▶ _DATA FOR THIS EXERCISE_
---

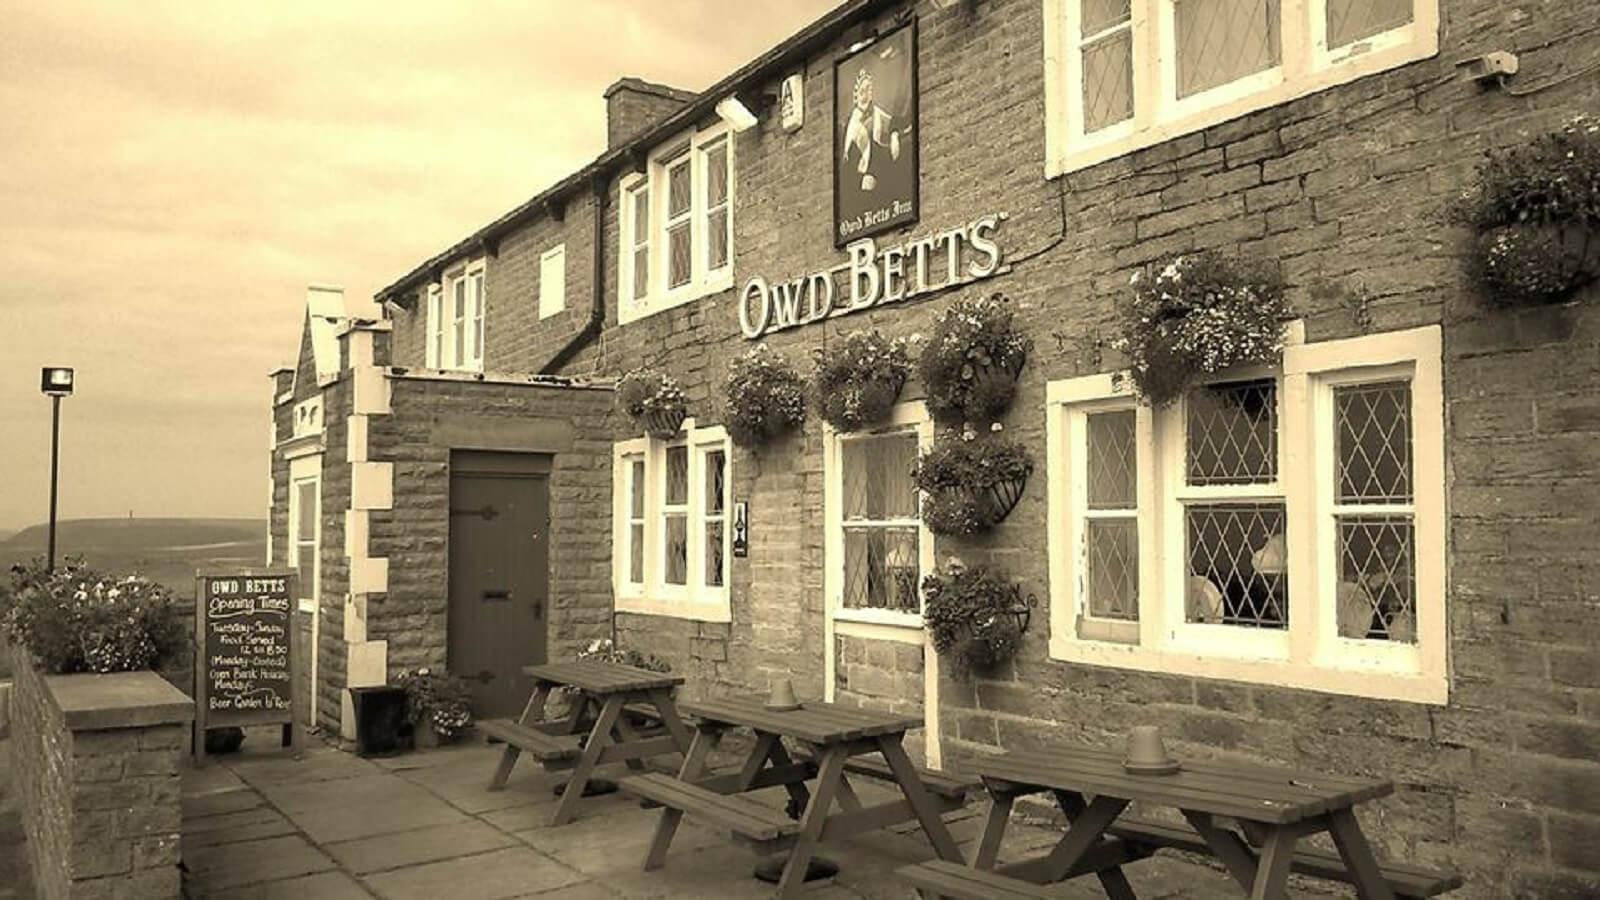 Owd Betts Country Inn
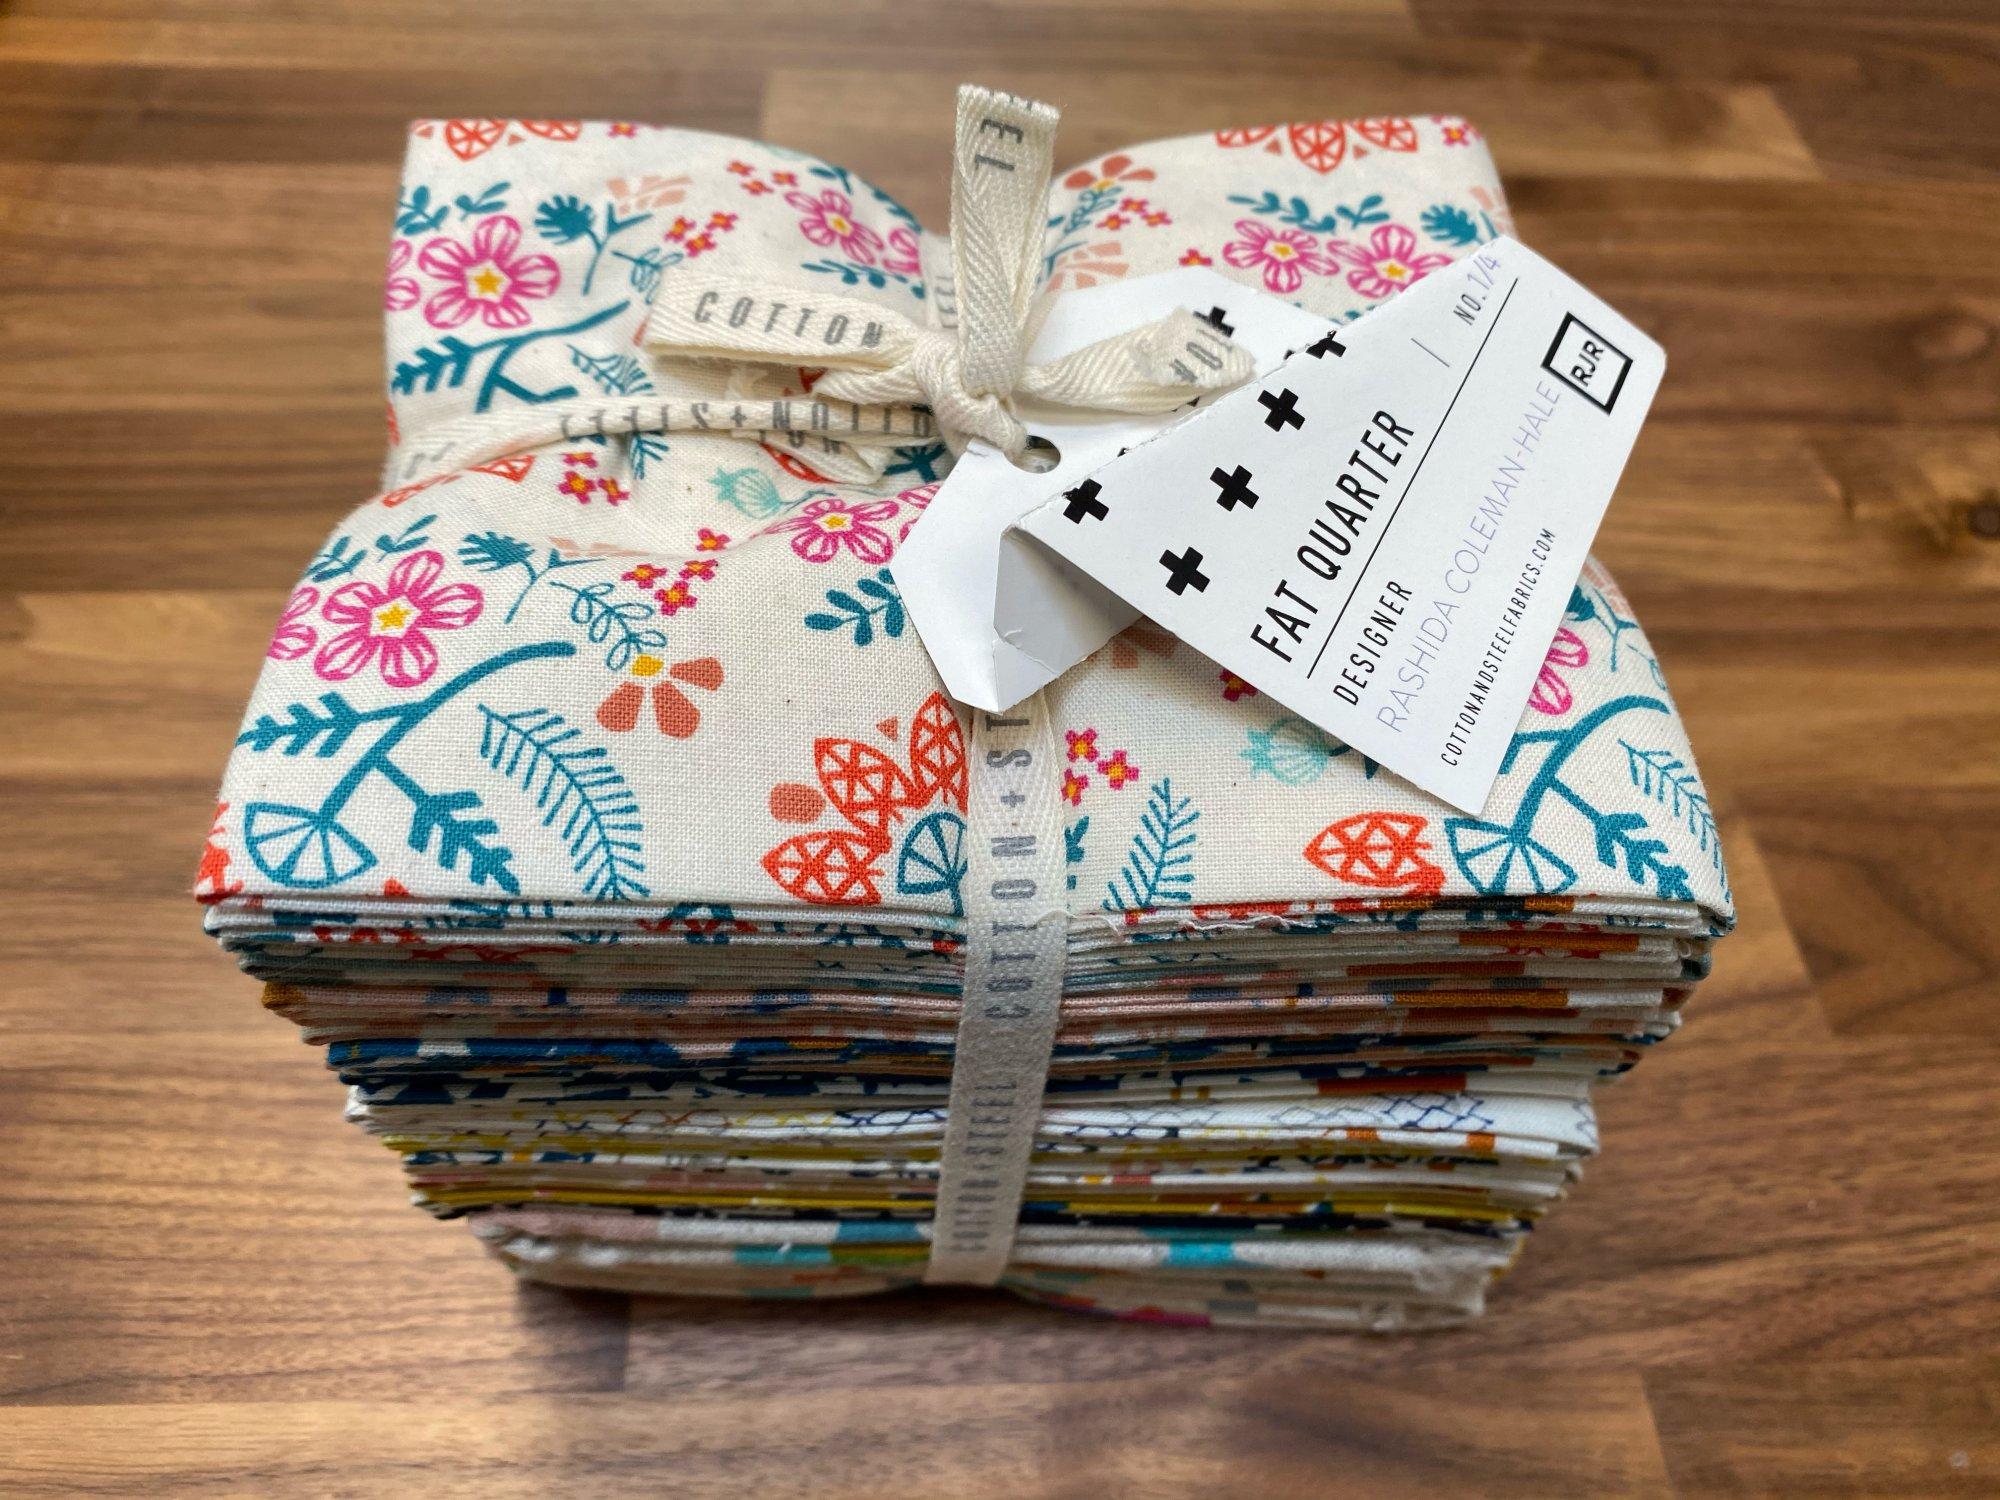 Paper Cuts FQB (Rashida Coleman-Hale)
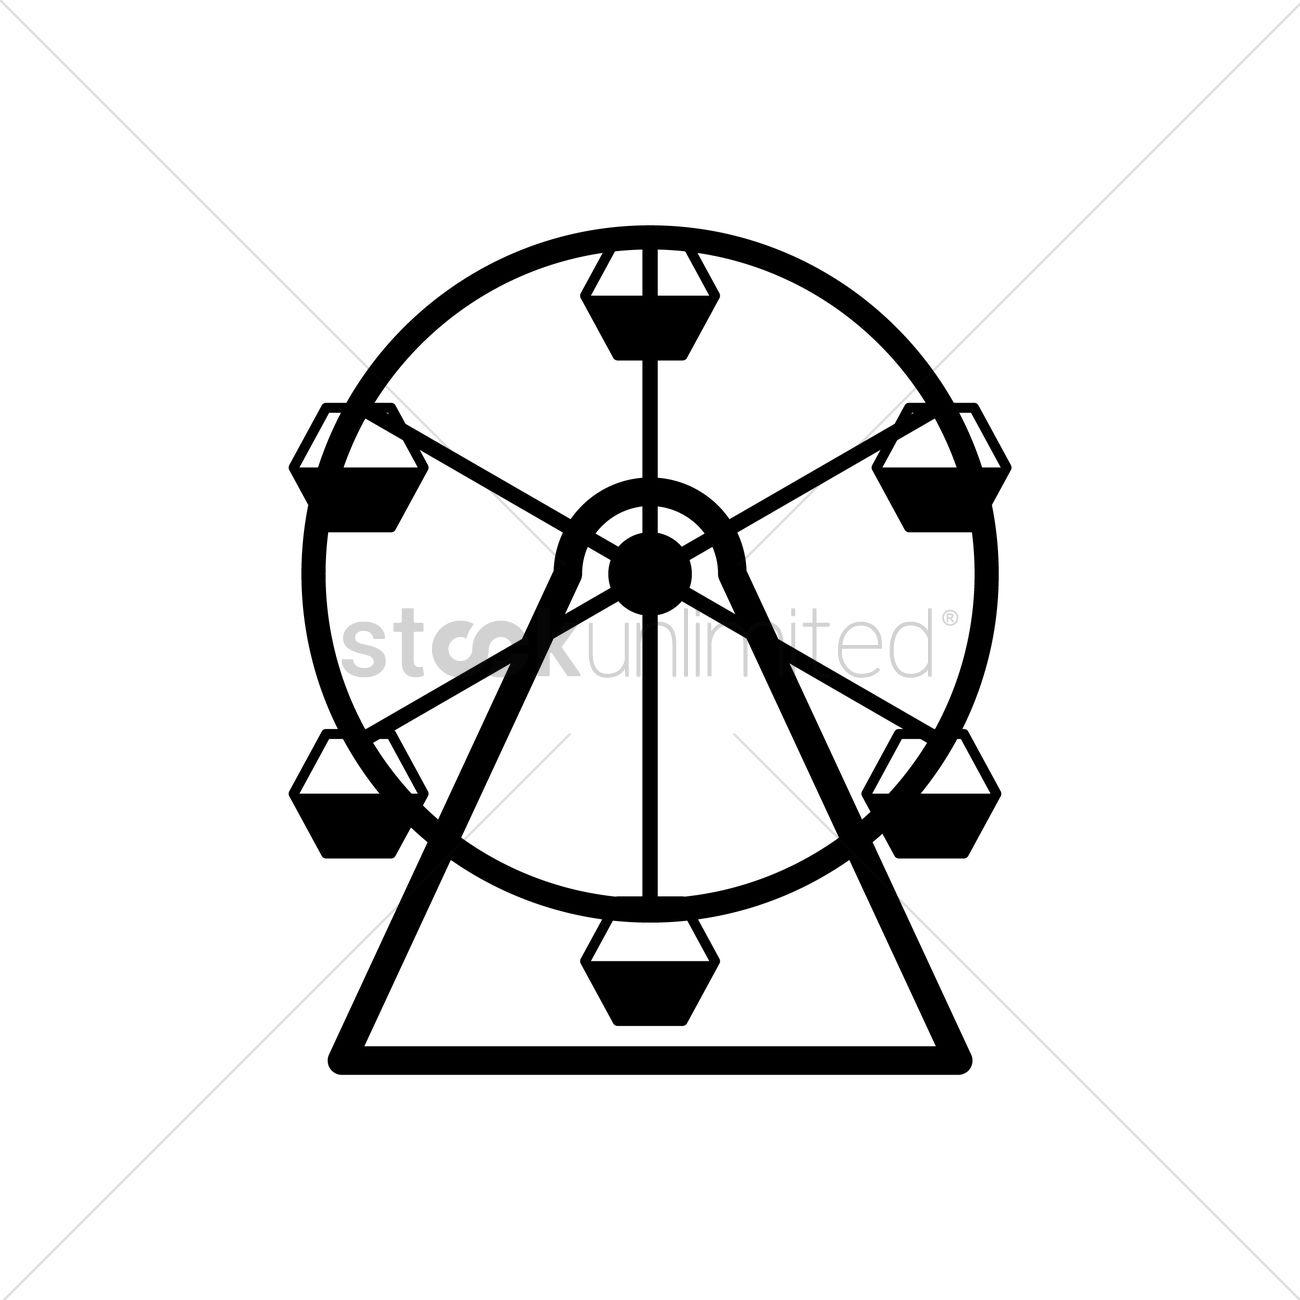 Ferris Wheel Vector Image 1493805 Stockunlimited
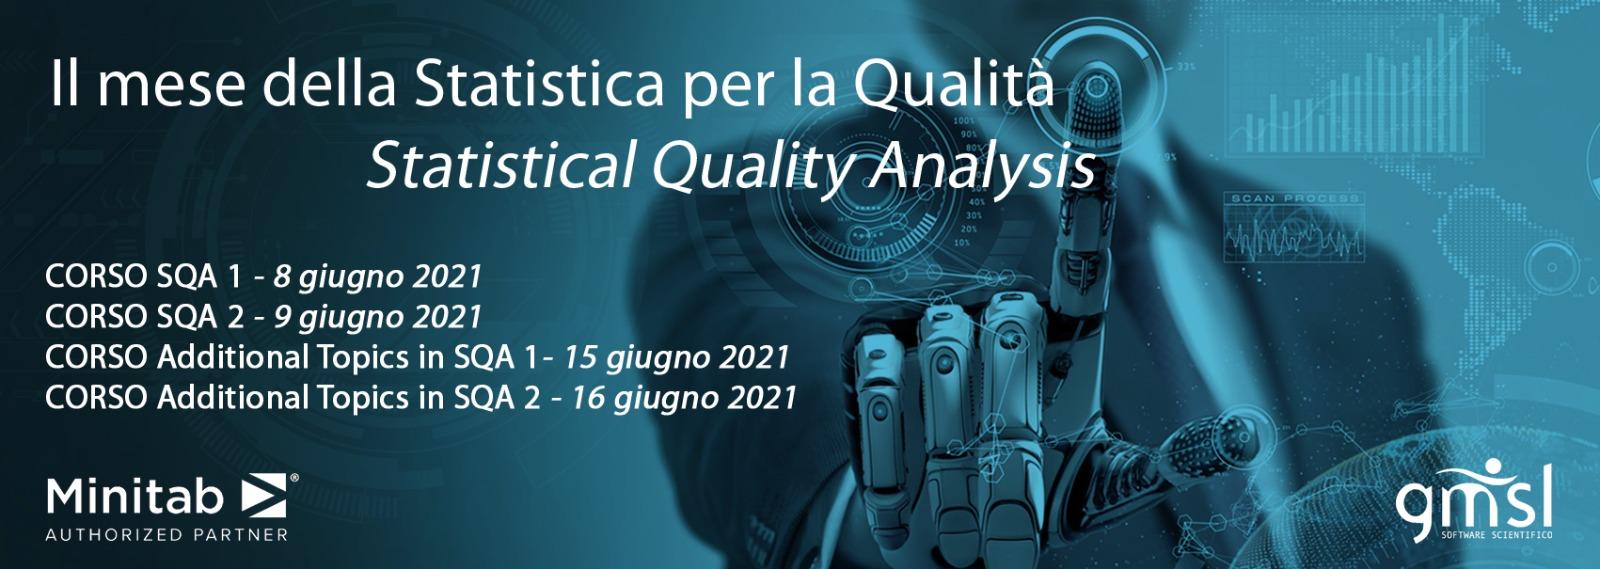 Mese-SQA Minitab | CORSI MINITAB - Il mese della Statistica per la Qualità (Statistical Quality Analysis)
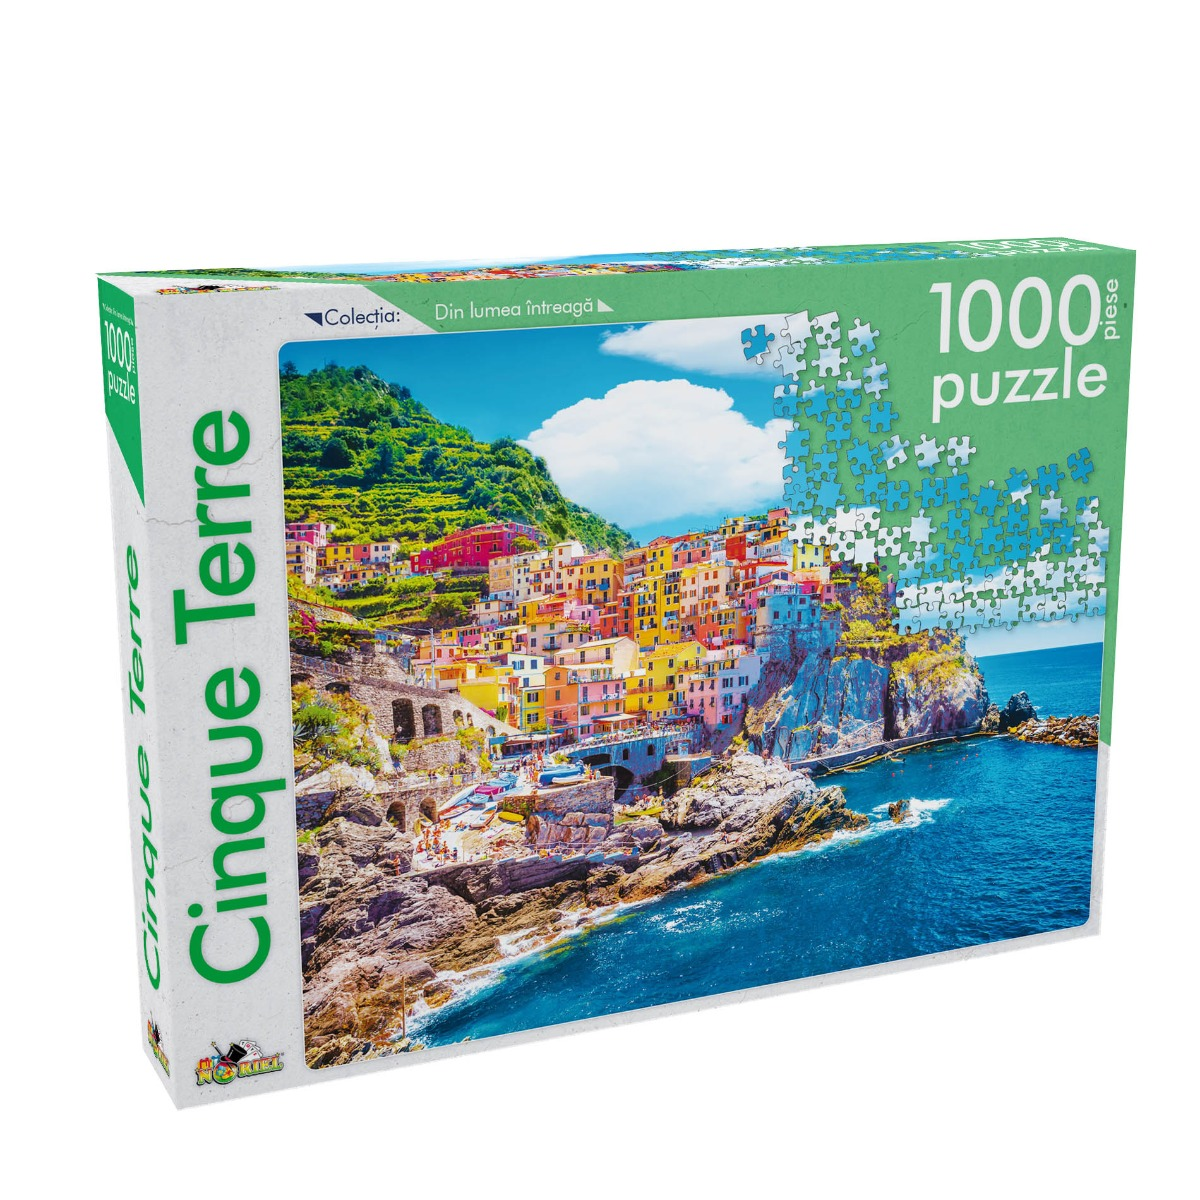 Puzzle Noriel - Din lumea intreaga - Cinque Terre imagine 2021

---

▶ _TASK TO COMPLETE_
In the copy, include every record exactly and no pictures.

▶ _FINISHED EXERCISE_
 Owd Betts Country Inn
 Paper Cuts FQB (Rashida Coleman-Hale)
 Ferris Wheel Vector Image 1493805 Stockunlimited
 Mese-SQA Minitab | CORSI MINITAB - Il mese della Statistica per la Qualità (Statistical Quality Analysis)
 Puzzle Noriel - Din lumea intreaga - Cinque Terre imagine 2021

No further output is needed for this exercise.